**Material provided**
━━━━━━━━

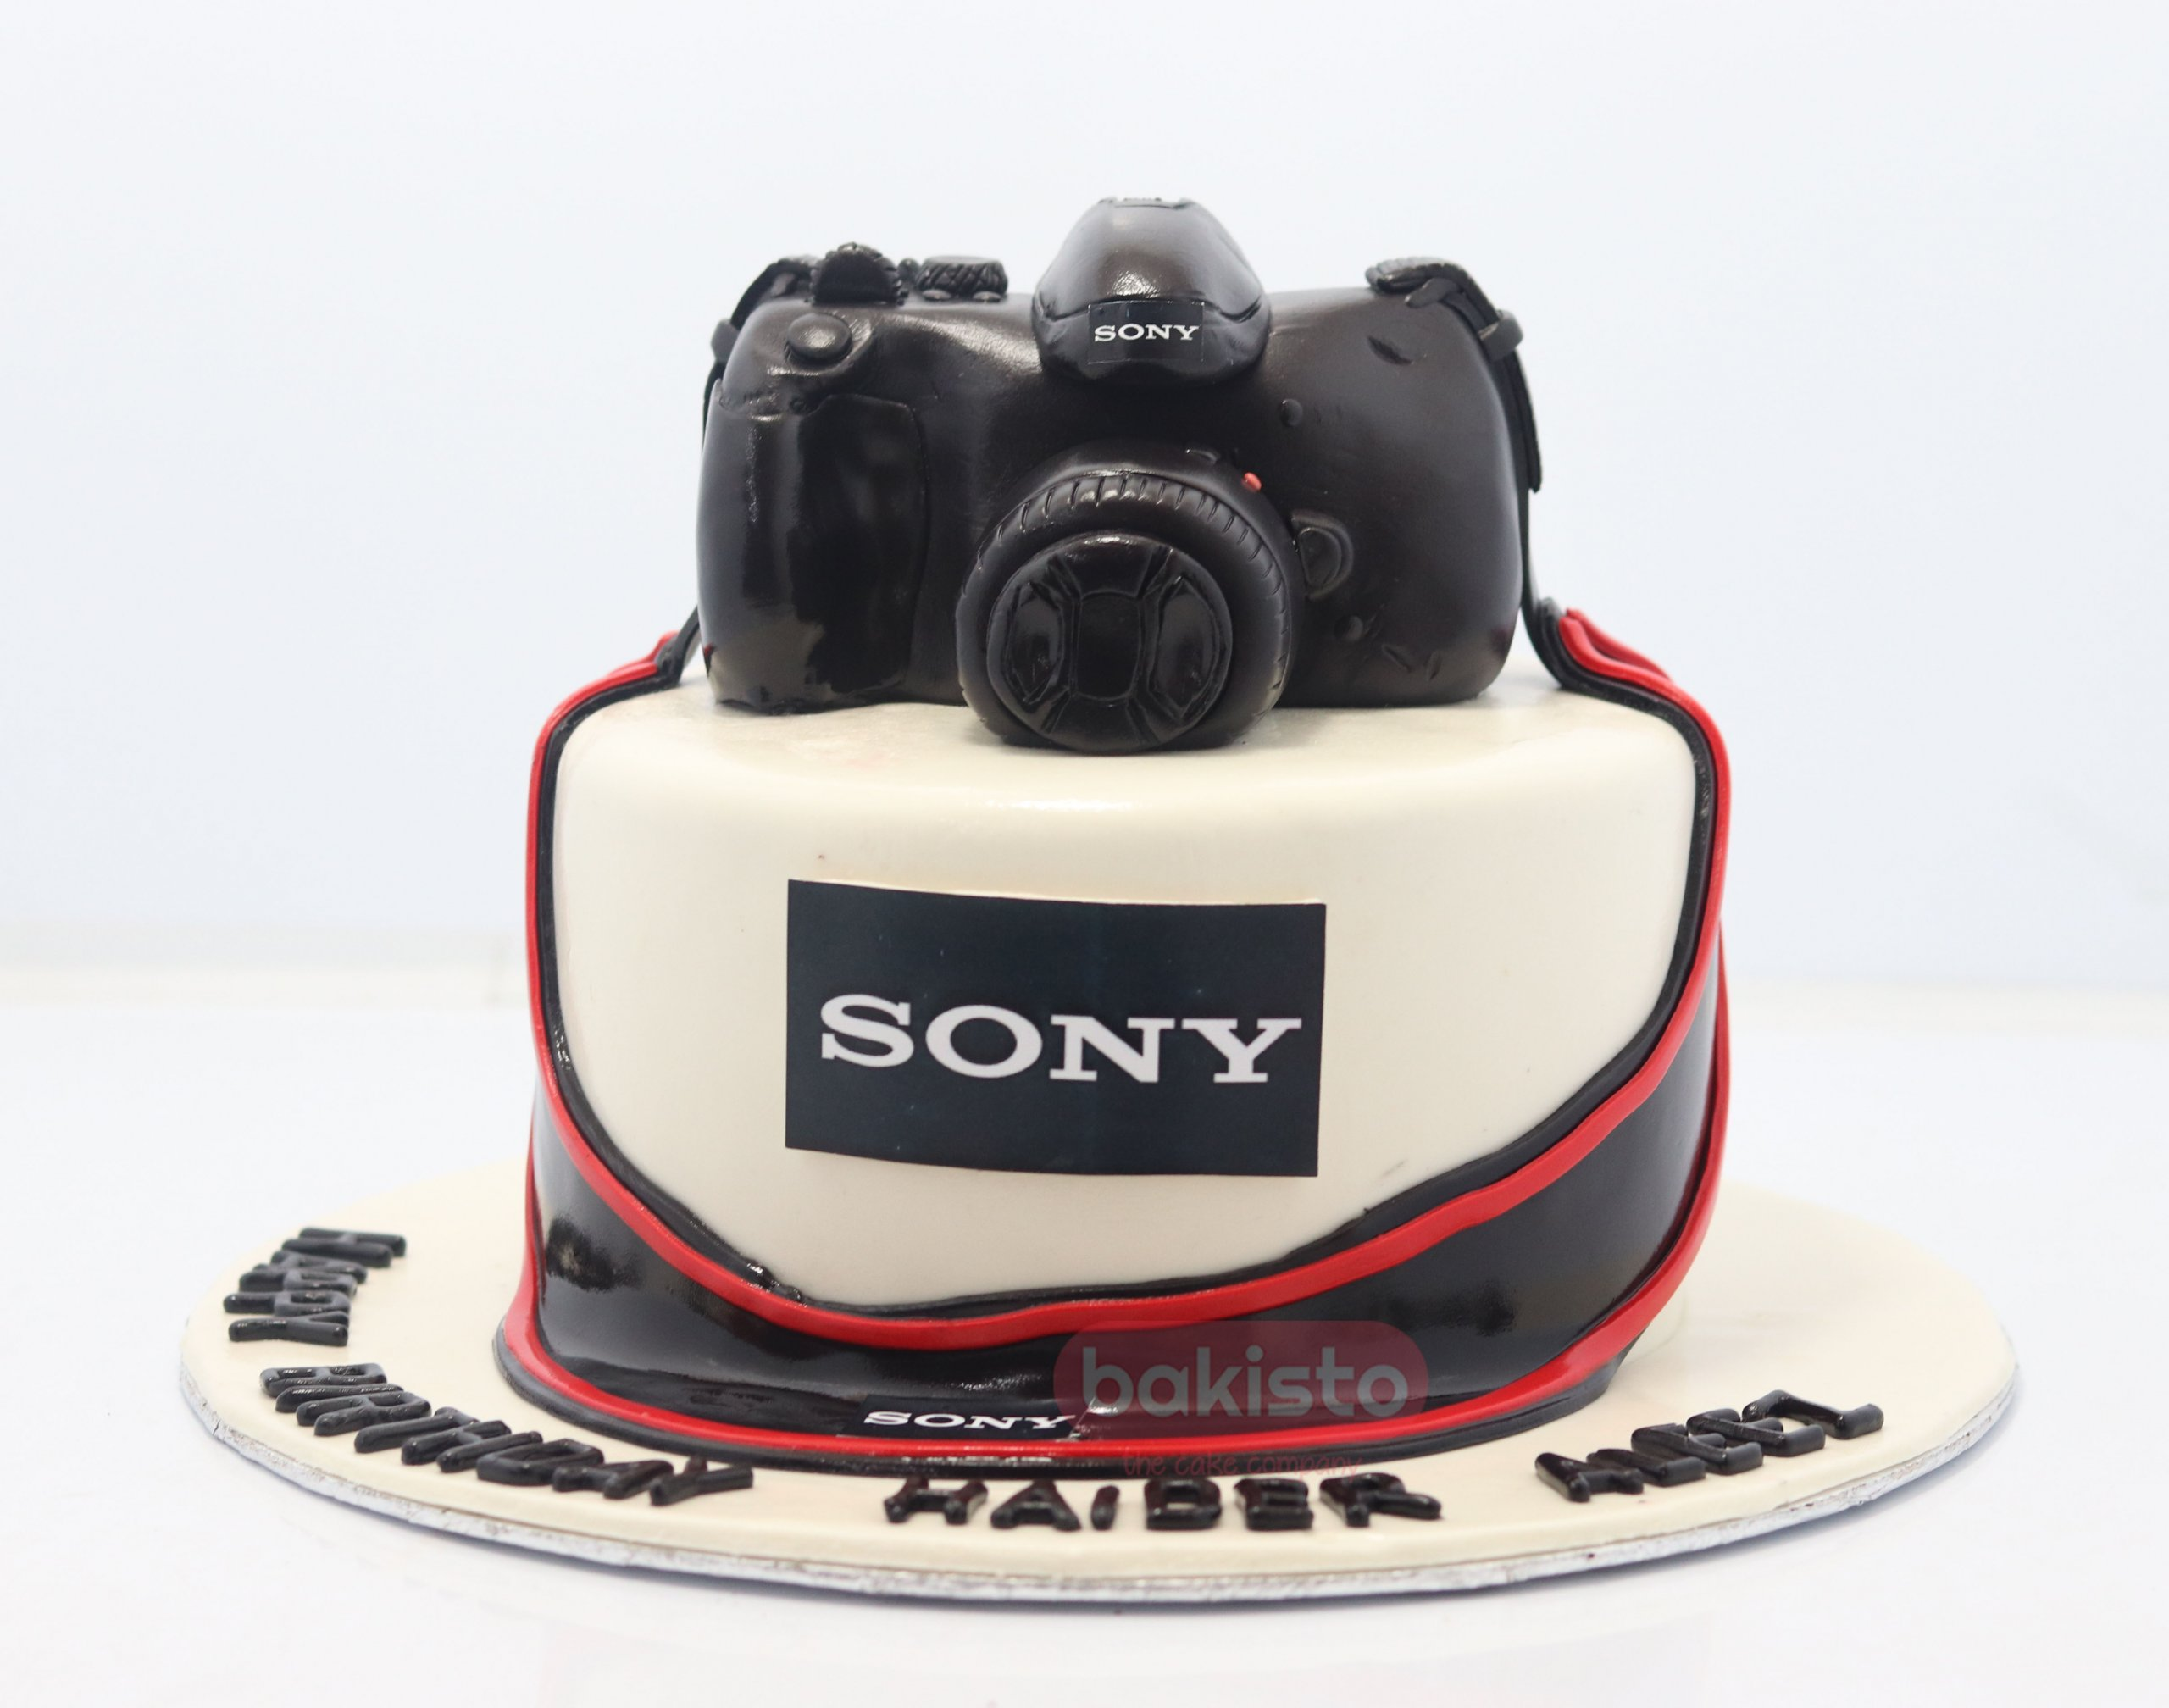 Surprising Customized Camera Cake By Bakisto The Cake Company With Logo Funny Birthday Cards Online Benoljebrpdamsfinfo
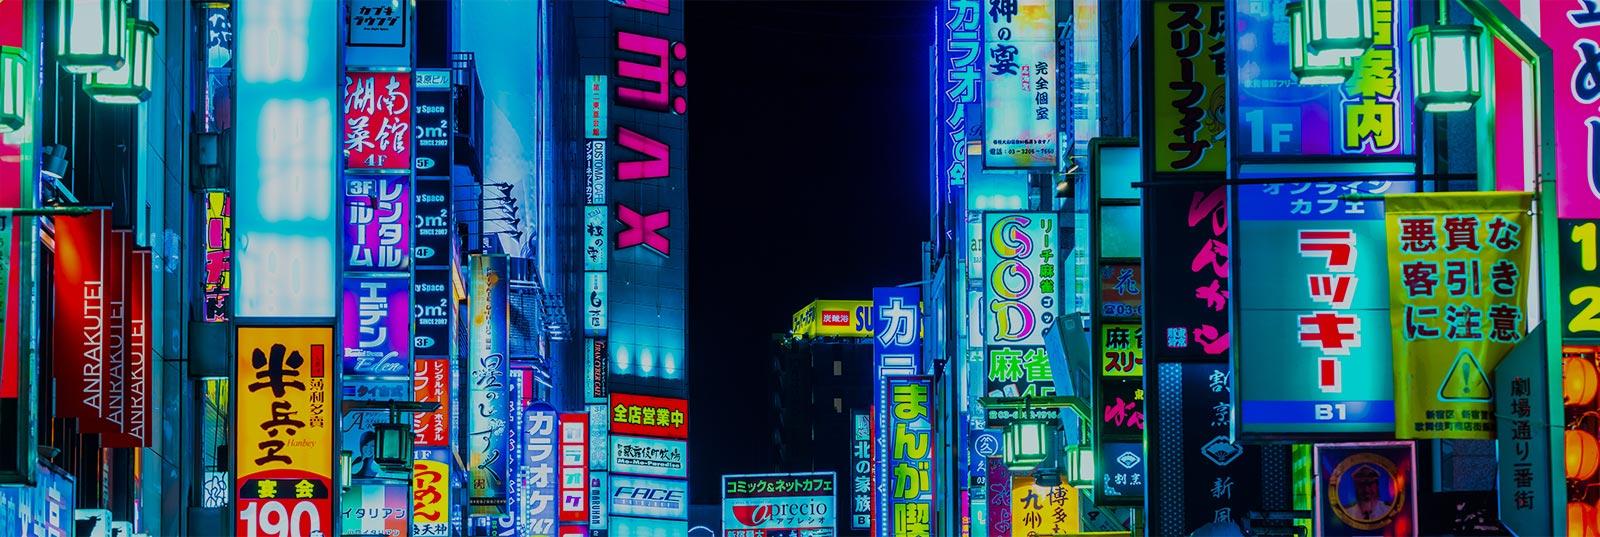 Guía turística de Tokyo
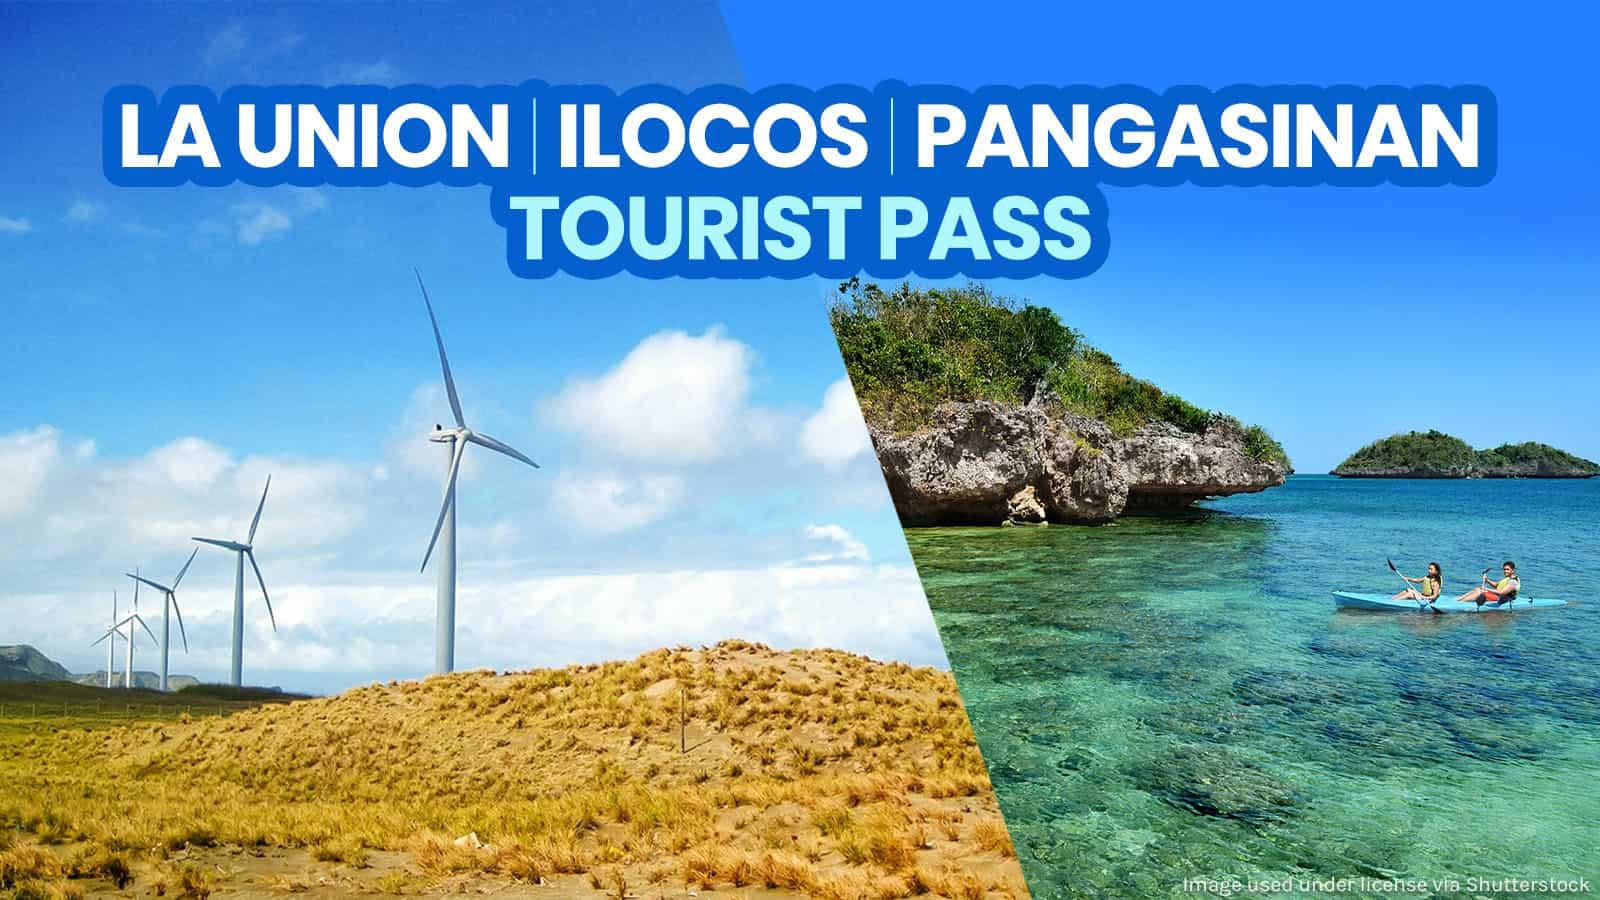 2021 How to Get a Tourist Pass & Schedule for LA UNION, ILOCOS & PANGASINAN via Tara Na!

━━━━━━━━

**What to produce**
Your answer should be the lines above from the one that contains "Guía turística de Tokyo" through the last, set down exactly, with the pictures removed.

**Response area**
 Guía turística de Tokyo
 2021 How to Get a Tourist Pass & Schedule for LA UNION, ILOCOS & PANGASINAN via Tara Na!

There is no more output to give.